Keywords: REM sleep behavior disorder, sleep disorders, dementia, cognitive decline, longitudinal study, AD, dementia with Lewy bodies
Introduction
REM sleep behavior disorder (RBD) is a parasomnia, characterized by loss of normal muscle atonia in the REM sleep phase, accompanied by dream enactment. RBD was initially considered as an idiopathic disorder (iRBD); however, researches indicate that iRBD is a prodromal symptom of neurodegenerative disorders like Parkinson’s disease (PD), dementia in Parkinson’s disease (PDD), dementia with Lewy bodies (DLB), or multiple system atrophy (MSA), emerging after a period of 5–19 years. An observational study published by Schenck et al. showed that up to 81% of subjects with iRBD developed parkinsonian disorders or dementia after 16 years follow-up (1). Another study of Iranzo et al., from 2014, showed that estimated risk to develop neurodegenerative diseases was 90.9% after 14 years (2).
Several studies have shown that there are differences in cognitive performance in comparison with non-RBD controls. Most predominant are impairments in executive functions and attention (3–5), verbal episodic memory (4, 6), decision-making (7, 8), and visuospatial abilities (6, 9–11). Nevertheless, poorer visuospatial/visuoperceptual ability is debated, not all studies confirm this assumption (4, 6, 12, 13). Because there are clear similarities with cognitive profile in iRBD and those seen in alpha-synucleinopathies, it is proposed that this parasomnia can represent an early stadium of alpha-synucleinopathy-dependent neurodegeneration.

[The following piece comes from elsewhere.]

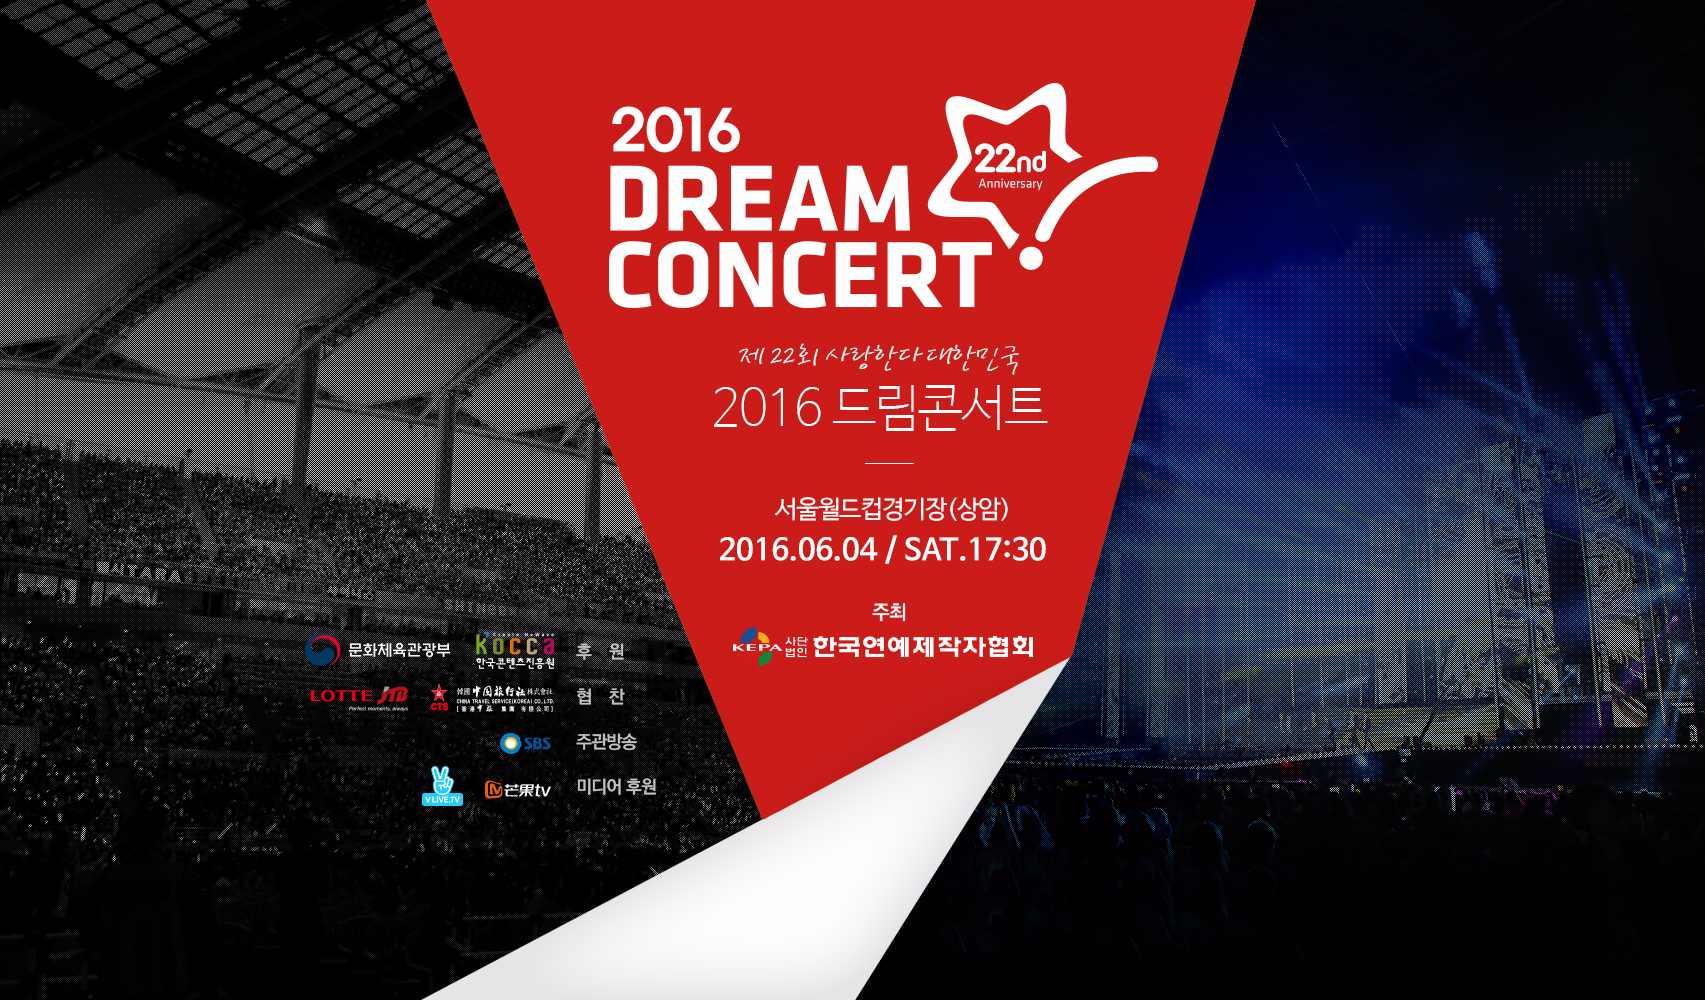 喜歡韓樂的粉絲想必不少人都知道6月4日是一年一度的夢幻演唱會「Dream concert」,會說他夢幻不是只是因為演唱會的名字有個「夢」,而是因為他可是韓國除了頒獎典禮外少數能請到這麼多組偶像的大型「拼盤演唱會」

Idiopathic RBD is a known risk factor for developing mild cognitive impairment (MCI). In a population-based study, MCI developed in 32% of cognitively intact subjects with iRBD after a median of 3.8 year of follow-up with a 2.2-fold increased risk of developing MCI (14). In samples from sleep disorder centers, the risk is even higher, up to 50–65% compared to 8% in healthy subjects (13, 15, 16).
RBD in Parkinson’s Disease
There have also been conducted some studies in Parkinson’s disease on patients with and without RBD. For RBD-positive PD patients, the frequency of MCI was estimated up to 73% (13). Concomitant RBD was found to be associated with poorer performance on tests measuring verbal memory, executive, and visuospatial functions, compared to patients without RBD (17). Data about frequency of developing PDD in RBD positive and negative patients are inconsistent. Postuma et al. demonstrated, in a 4-year follow-up observation, a clear higher risk of developing dementia in PD patients with concomitant RBD (18). There have also been published results reporting higher occurrence of dementia in RBD positive than RBD negative (42 vs. 7%) (19). Others, however, have suggested no differences among them (20, 21), and two longitudinal studies with 2- and 8-year follow-up period have not shown any worsening of general cognition based on Mini Mental State Examination (MMSE) (22, 23).
To the best of our knowledge, no study to date has systematically followed a cohort of RBD patients with mild dementia to determine cognitive deterioration over time, thus little is known about longitudinal changes in neuropsychological profiles in MCI and dementia with concomitant RBD.
There are only few studies assessing differences in progression of cognitive decline globally and in different cognitive domains over time but they are only focused on healthy RBD subjects or RBD subjects suffering from PD (24). In all previous studies, it was underlined the need to collect more data, larger samples sizes, and the need for longitudinal observations. With our study, we wish to fill this space and characterize dementia patients with coexistent RBD.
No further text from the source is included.